2013th Fibonacci number/17?

Using WolframAlpha with the input Fib(2013) (mod 17) I get a remainder of 2, and

with the input Fib(200) (mod 5) I get remainder of 0, so the 200th Fibonacci is

divisible by 5.

I'm guessing, though, that you want an analytic approach. I'm still working on that,

and I will also star your question with the hope that someone else might notice and

help out.

Edit: Every kth Fibonacci number is a multiple of F(k). Since F(5) = 5 we have

that F(200) is a multiple of 5.

Edit #2: I appreciate your kind words. :) I'm learning some interesting results

while trying to solve this question. Every 3rd number is even, so since 2013

is divisible by 3 we know that F(2013) is even. Also, we have the property

gcd(F(m), F(n)) = F(gcd(m,n)) to work with.

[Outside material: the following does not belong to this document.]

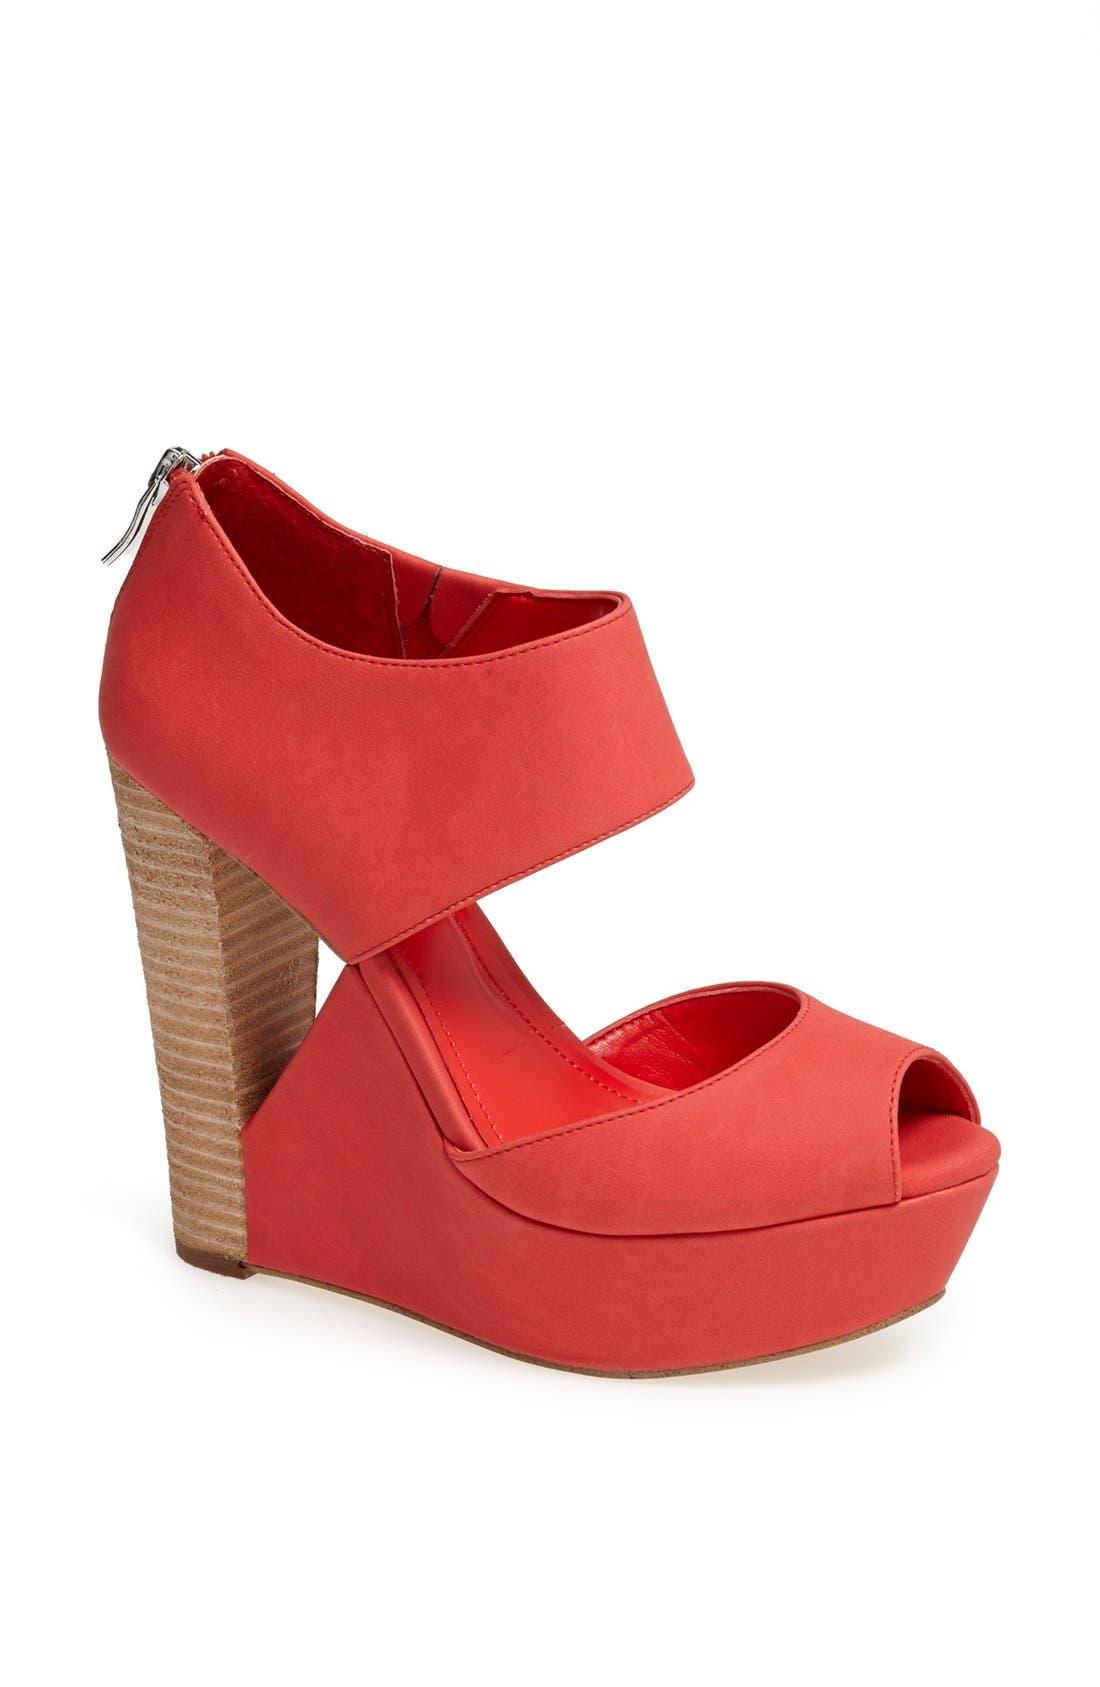 Main Image - BCBGeneration 'Velara' Sandal

Now 2013 = 3*11*61, so gcd(F(2013), F(11)) = F(gcd(2013,11)) = F(11) = 89.

Thus F(2013) is divisible by 89, which is prime.

It is also divisible by F(61) = 2,504,730,781,961 = 4513 * 555,003,497.

There has been so much research done on Fibonacci numbers that there must

be some way of solving your question analytically; it will just take some time

sifting through all the information.

Edit #3: The Pisano period for modulo 17 is 36, i.e., the residues have a

period of 36I haven't been able to find this particular sequence of residues yet,

but this is the best approach to this type of problem. There are many

elegant and fascinating properties associated with Fibonacci numbers, but

for your particular question I think we basically have to rely on tables created

by others; there doesn't appear to be a simple formula to apply in this case.

Edit #4: Since 2013 is congruent to 33 (mod 36) and since the Pisano period

is 36, we know that F(2013) will have the same residue mod 17 as F(33).

Now F(33) = 3,524,578 which is congruent to 2 (mod 17), so 2 is the remainder

when we divide F(2013) by 17. Cool. :)